• [EXERCISE]:
Leave the pictures out. Retype exactly the lines below from the one containing "LSVI078(31259086-A)_b.jpg" through the one containing "Terrace House Tokiostrasse", and no others.

• [EXERCISE DATA]:
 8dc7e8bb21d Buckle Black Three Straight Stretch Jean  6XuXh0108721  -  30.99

...

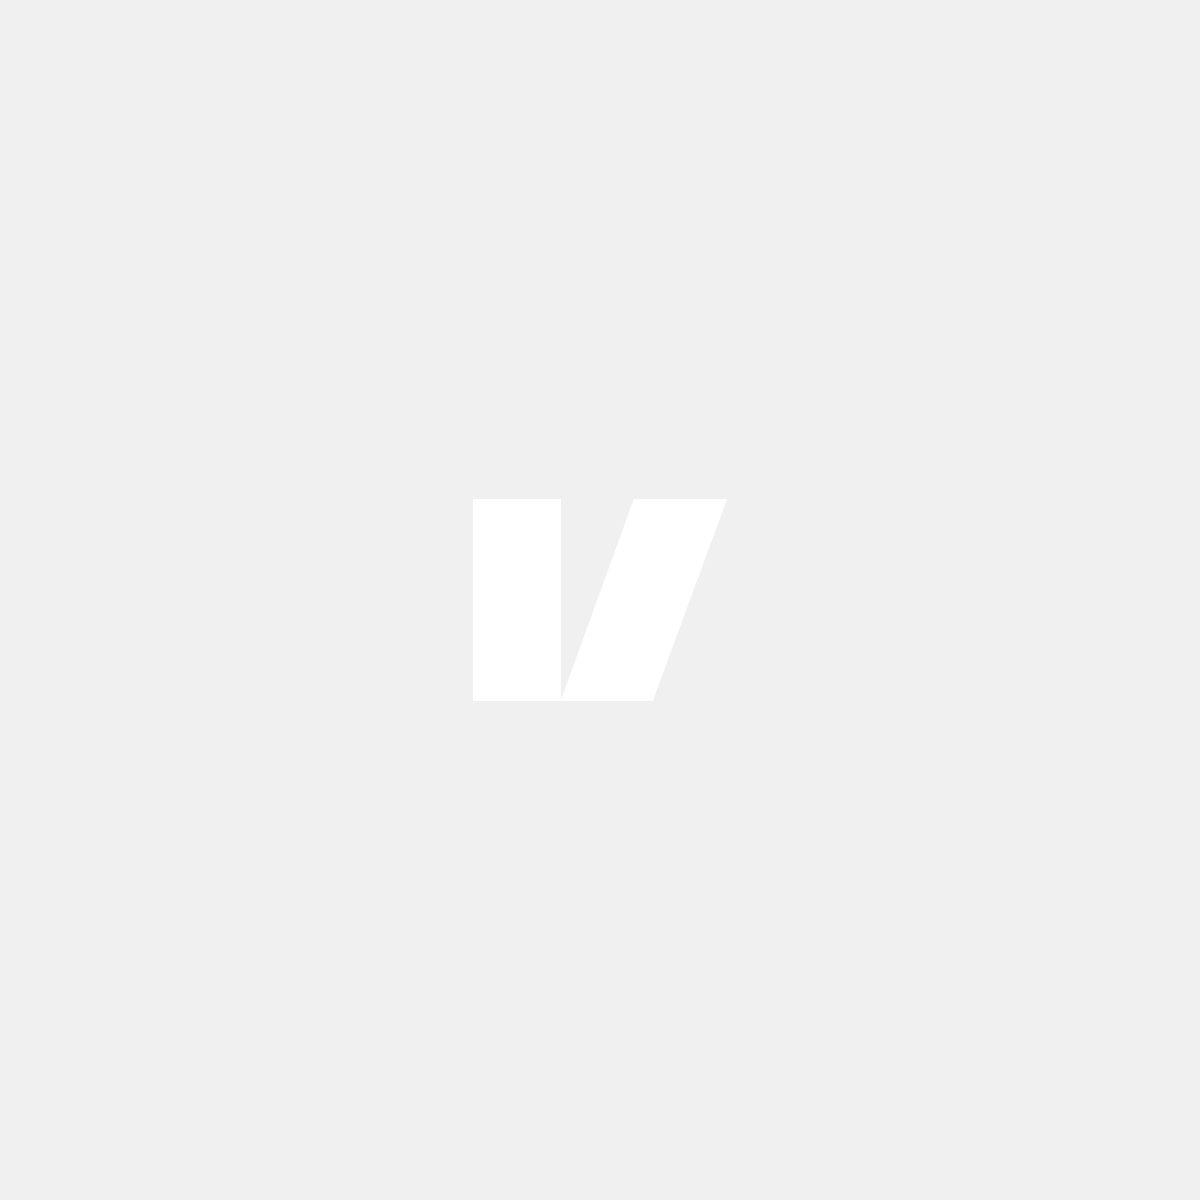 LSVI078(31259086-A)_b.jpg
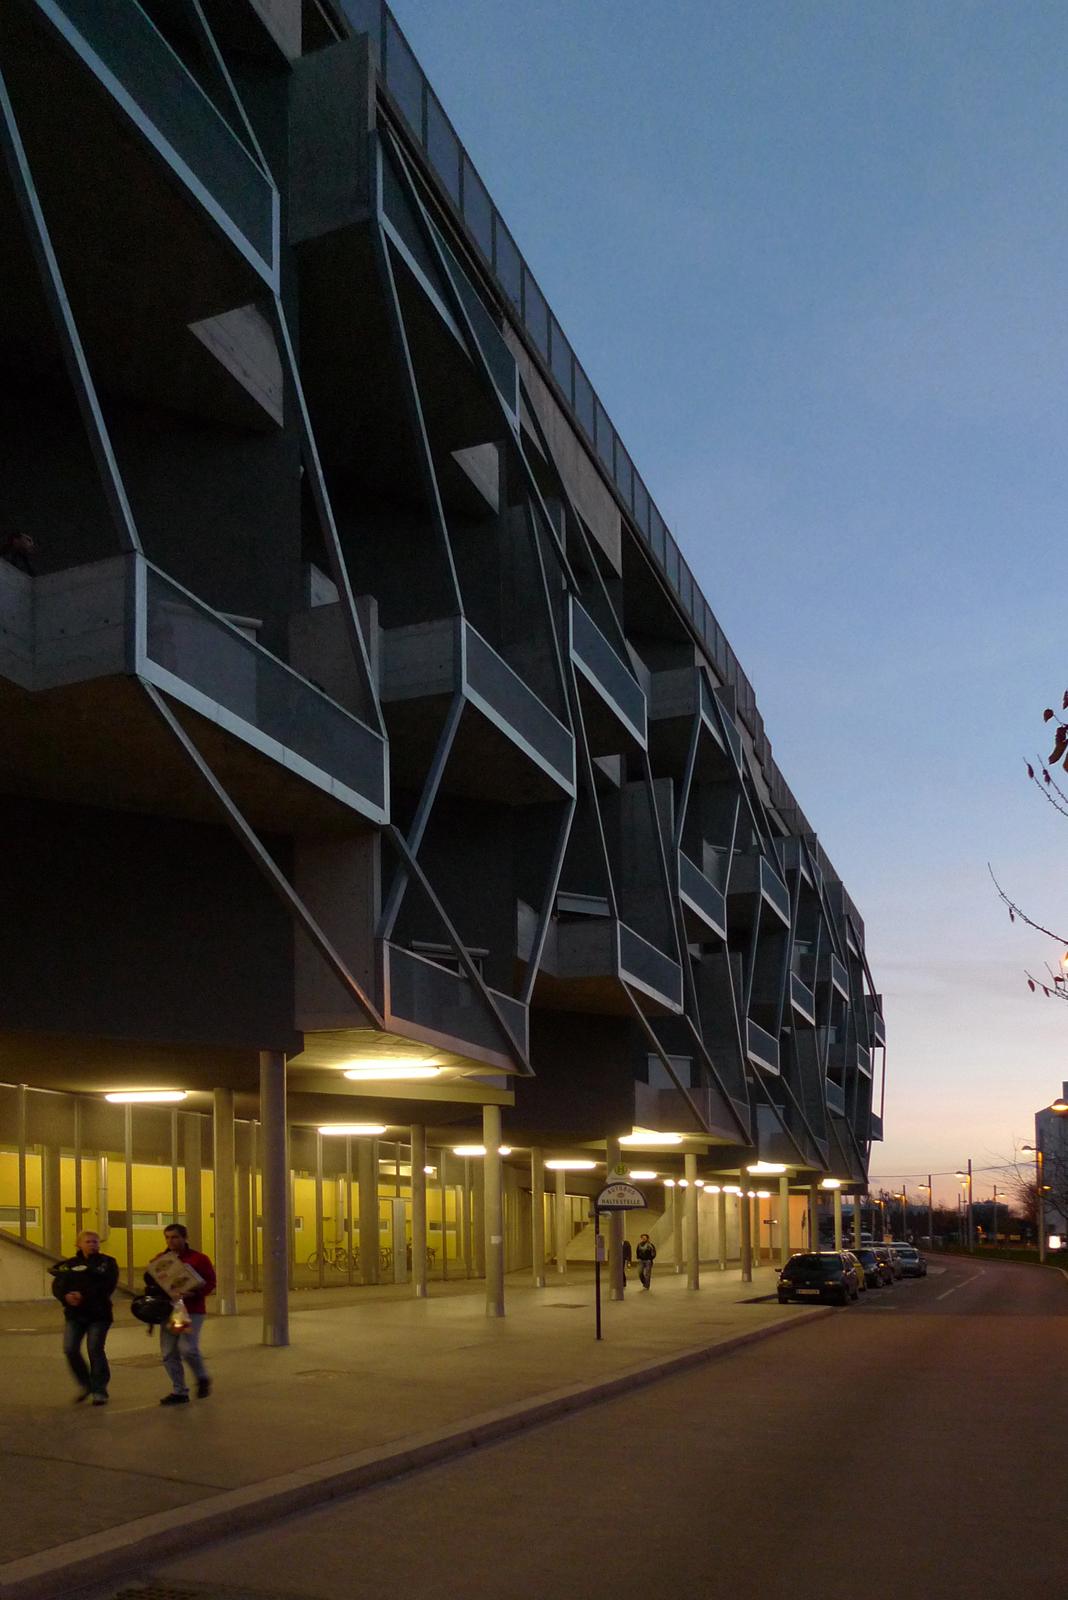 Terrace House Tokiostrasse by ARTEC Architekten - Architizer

...

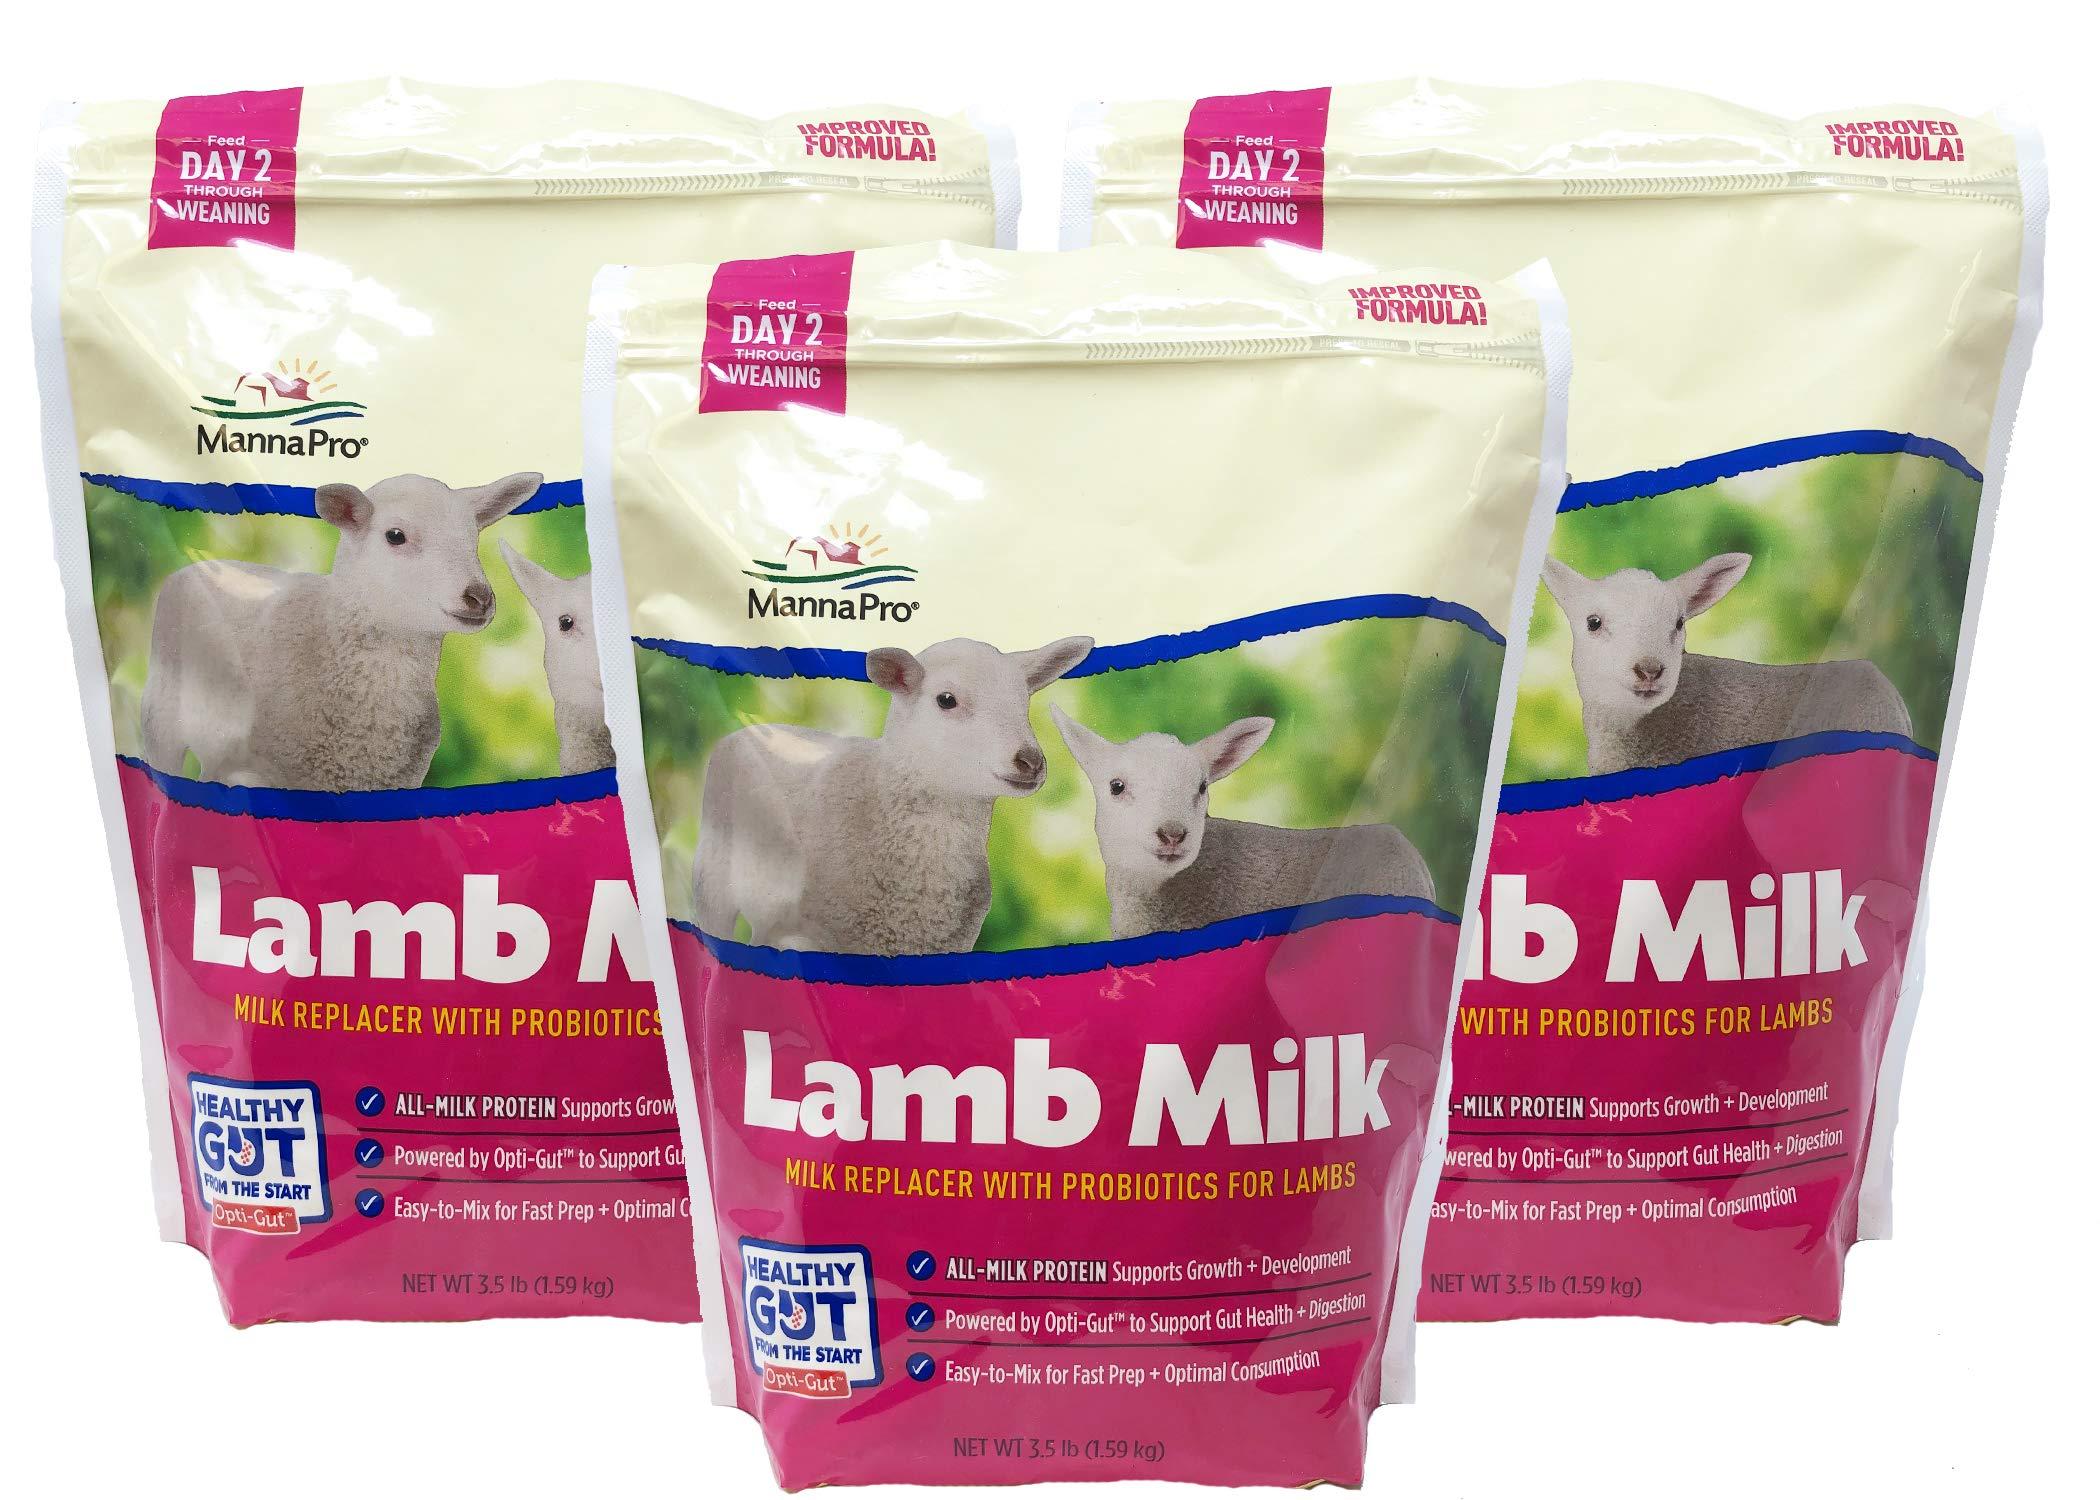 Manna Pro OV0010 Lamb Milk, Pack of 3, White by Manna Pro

• [FINAL ANSWER]:
 LSVI078(31259086-A)_b.jpg
 Terrace House Tokiostrasse by ARTEC Architekten - Architizer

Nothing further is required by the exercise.